Reproduce every line below exactly as written; do not include the images.

(MATERIAL PROVIDED):

*** Begin section ***

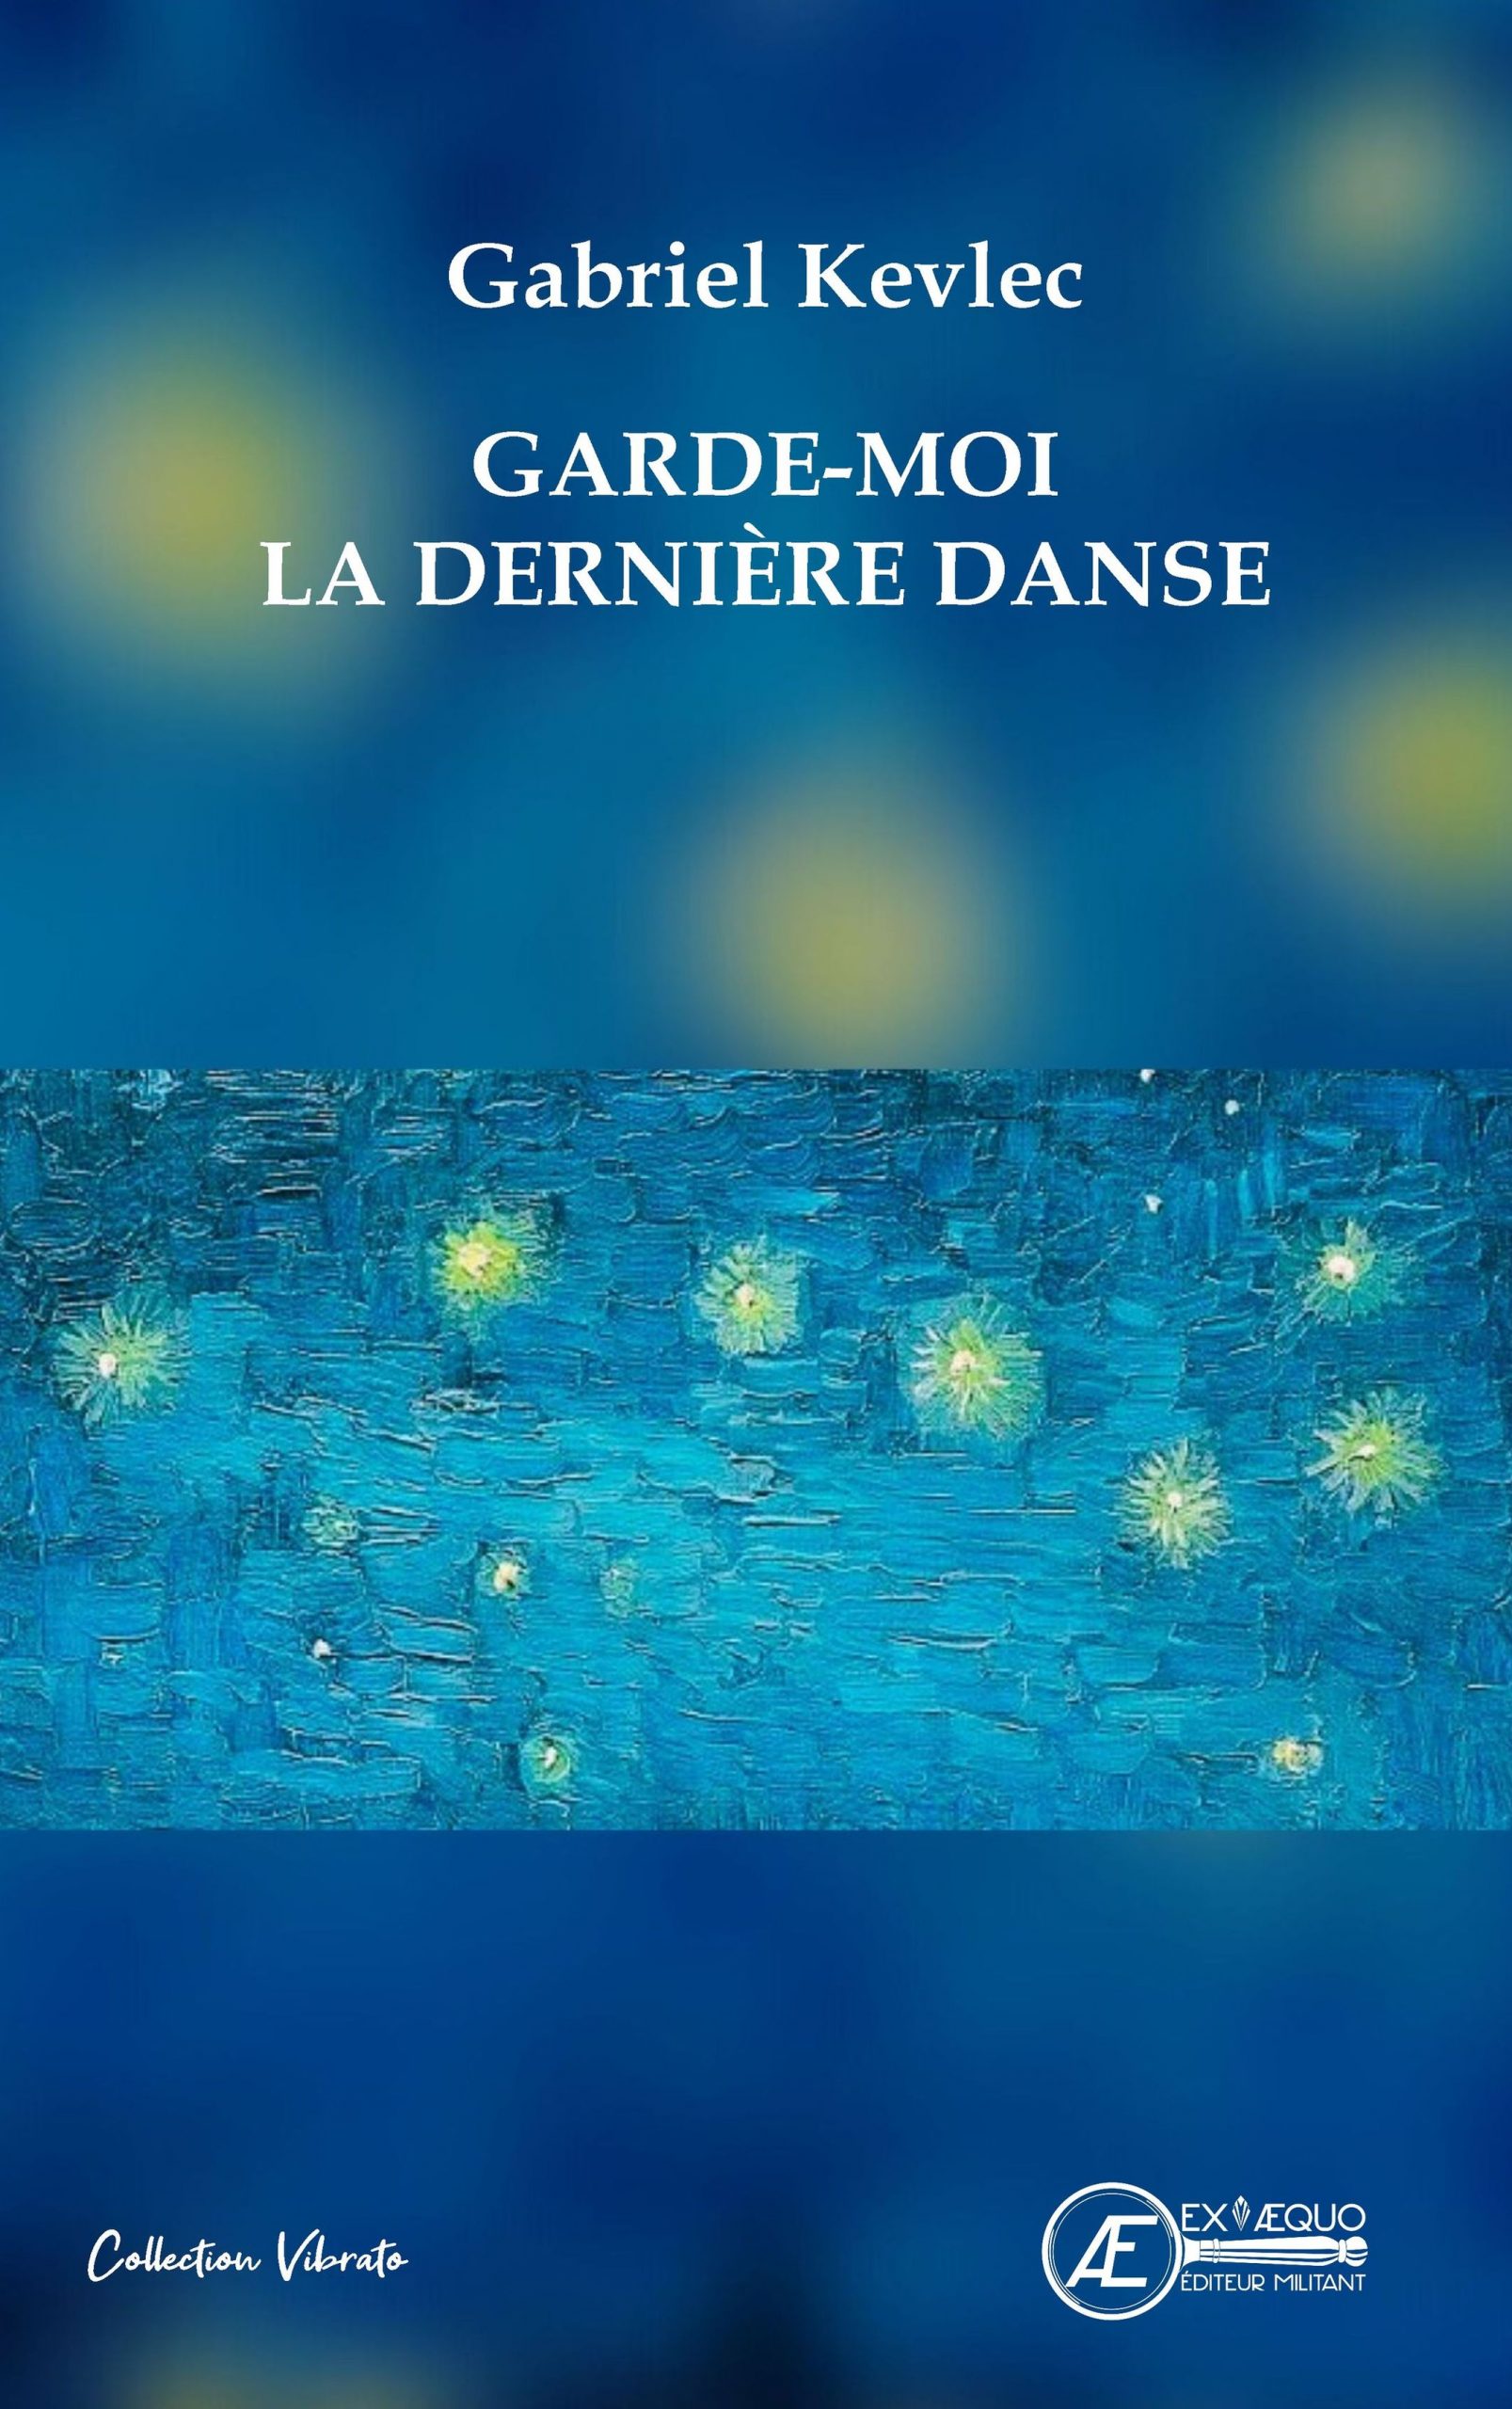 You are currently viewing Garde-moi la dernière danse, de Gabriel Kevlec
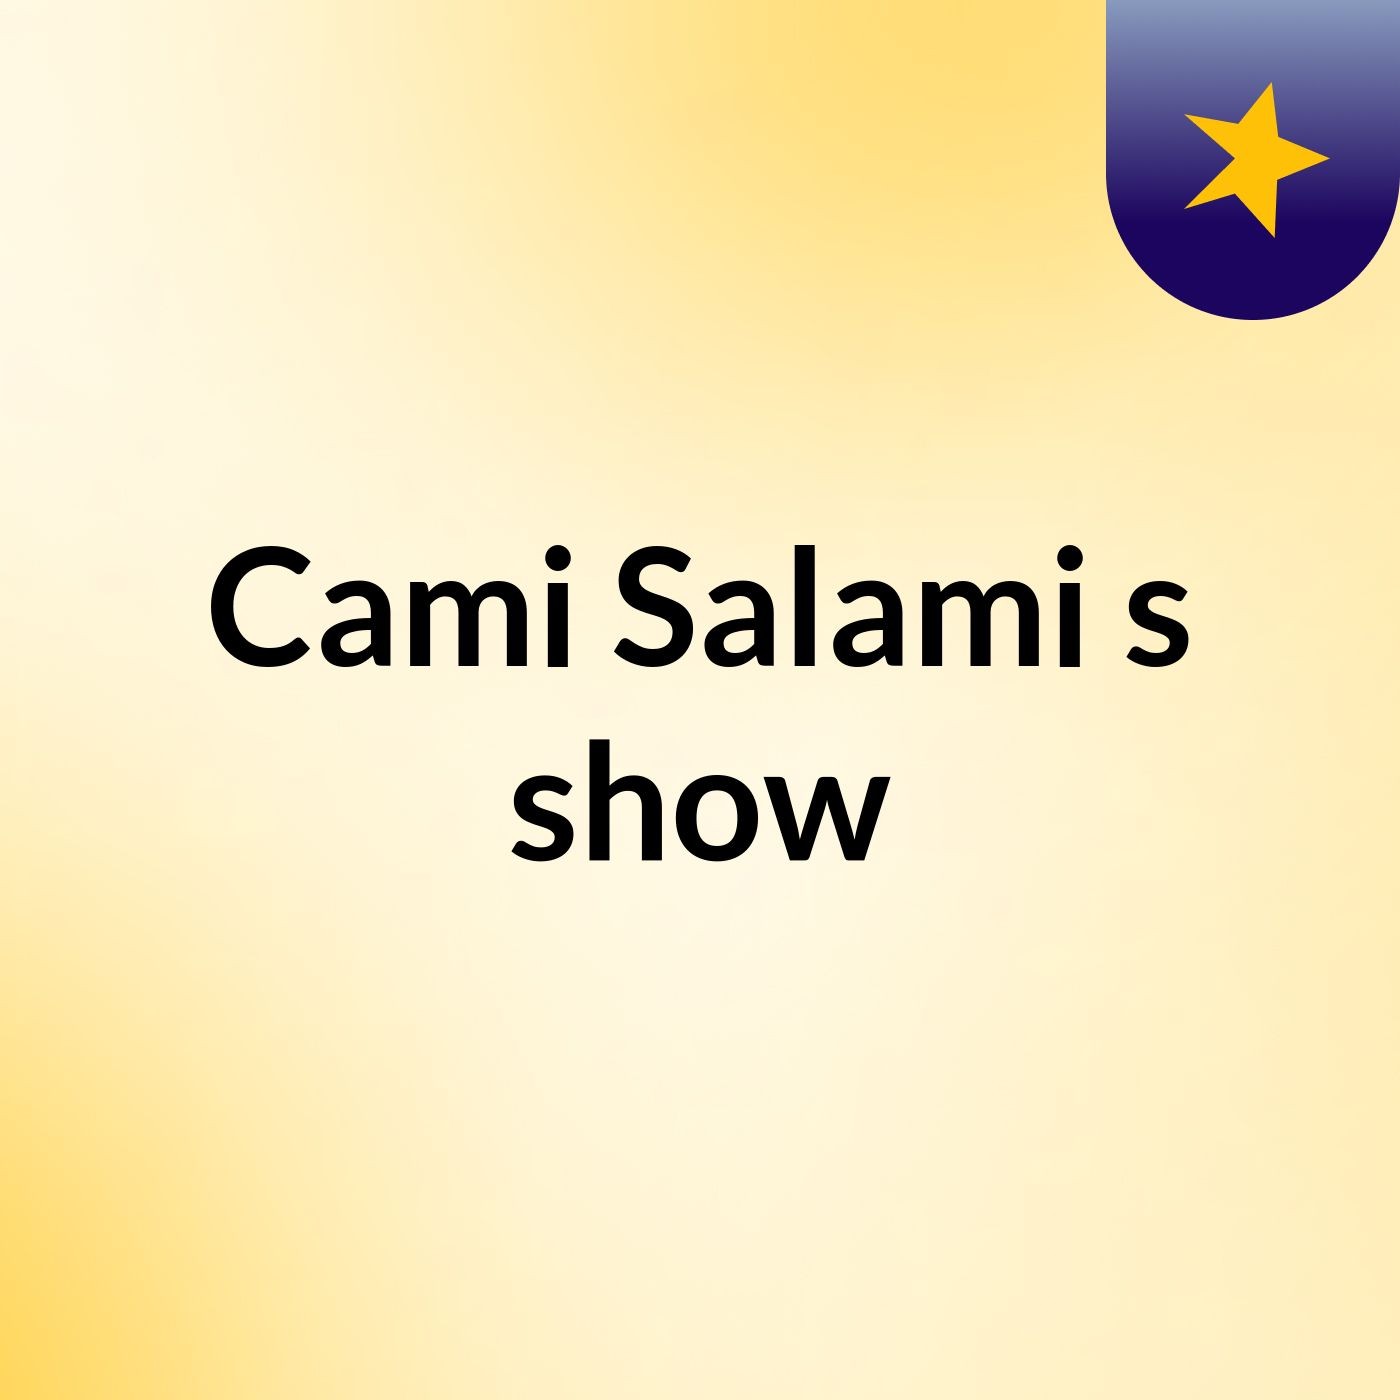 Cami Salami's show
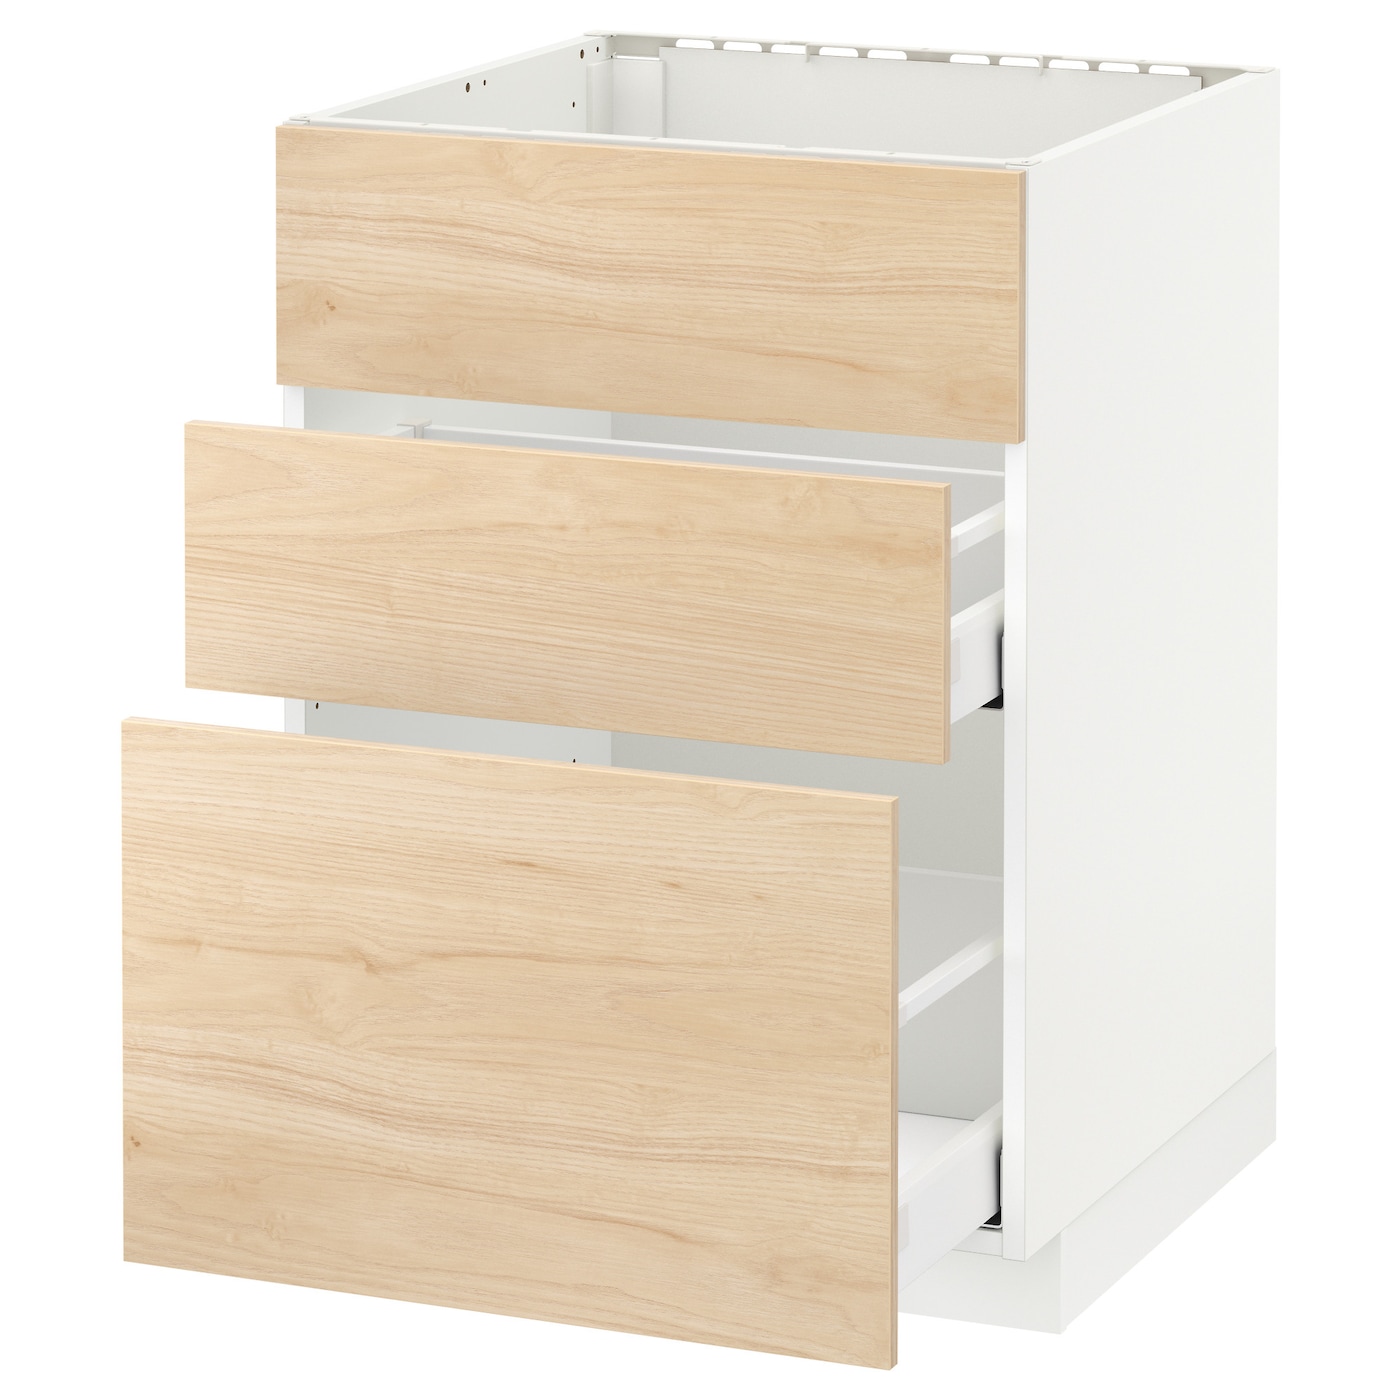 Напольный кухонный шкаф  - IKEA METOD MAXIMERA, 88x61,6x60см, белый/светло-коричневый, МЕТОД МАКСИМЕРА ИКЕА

*** End section ***

(SOLUTION BELOW):
 You are currently viewing Garde-moi la dernière danse, de Gabriel Kevlec
 Cami Salami's show
 Напольный кухонный шкаф  - IKEA METOD MAXIMERA, 88x61,6x60см, белый/светло-коричневый, МЕТОД МАКСИМЕРА ИКЕА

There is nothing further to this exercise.